Vom Sterben keine Spur
Es sind fast acht Jahre vergangen, bis ich in Zürich dem Tod erstmals begegnet bin. Er hat sich nie blicken lassen, sich versteckt oder seine Spuren diskret verwischt. Dabei durchquere ich die Stadt vom HB bis zum Hirschengraben täglich zweimal, gehe zum Zmittag ins Niederdorf oder radle öfter zu einem Arbeitstreffen in eines der vielen Kirchgemeindehäuser ins Seefeld, nach Wipkingen oder auch mal nach Schwamendingen. Nirgends eine Trauergesellschaft, nirgends eine Kerze auf einem Fenstersims, nie ein Auto, das sich als Leichenwagen zu erkennen gegeben hätte.

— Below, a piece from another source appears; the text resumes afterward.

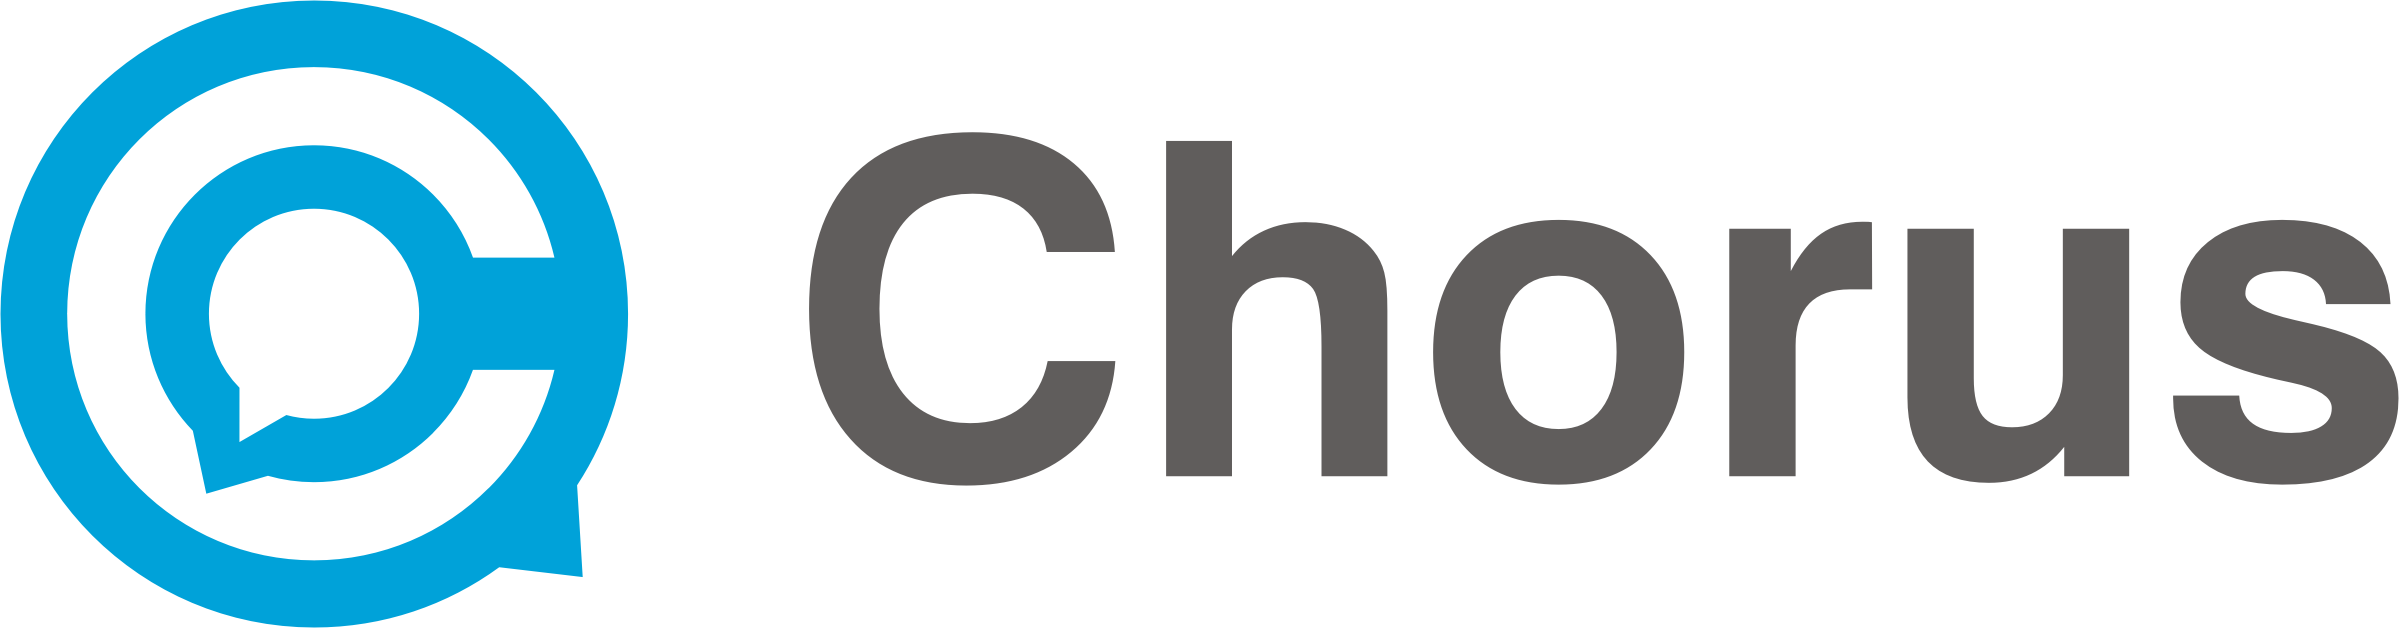 chorus logo

Eine Millionenstadt, geschäftig, chic, pressant tagsüber und gegen Abend schräger und schriller – das pralle Leben der Grossstadt eben. Aber vom Sterben: keine Spur.
Ich bin gänzlich frei von Todessehnsüchten, mag mir und allen Mitmenschen ein gesundes und fröhliches Leben gönnen, aber mit der Zeit wurde mir die Sache unheimlich. Auch in Zürich sterben Menschen. Jeden Tag, jede Woche, jeden Monat. Im Augst waren es 210, im Juli 251, im Januar 321. Letztes Jahr schieden 3400 Zürcherinnen und Zürcher aus dem Leben. Das statistische Amt der Stadt führt Buch darüber und stellt die Zahlen ins Internet. Aber im täglichen Leben, in den Strassen und Gassen der Grossstadt, dort wo eben jene Menschen ihr Leben gelebt haben, bekommt man nichts davon mit, wenn sie sterben. Müsste ich froh sein, dass man mich als Unbeteiligter davor verschont, dem Tod zu begegnen? Ist mir der Anblick eines Leichenwagens nicht zuzumuten? Gehört es zum anonymen Grossstadtleben, dass auch anonym gestorben wird? Ist es reformiertes Kulturgut, um die Toten möglichst kein Aufhebens zu machen? Gehört Trauer und Abschied nur in den engsten Familienkreis, in die Abdankungshalle hinter Kirchen- und Friedhofsmauern? Und ist Diskretion beim Sterben oberstes Gebot? Mich fröstelt.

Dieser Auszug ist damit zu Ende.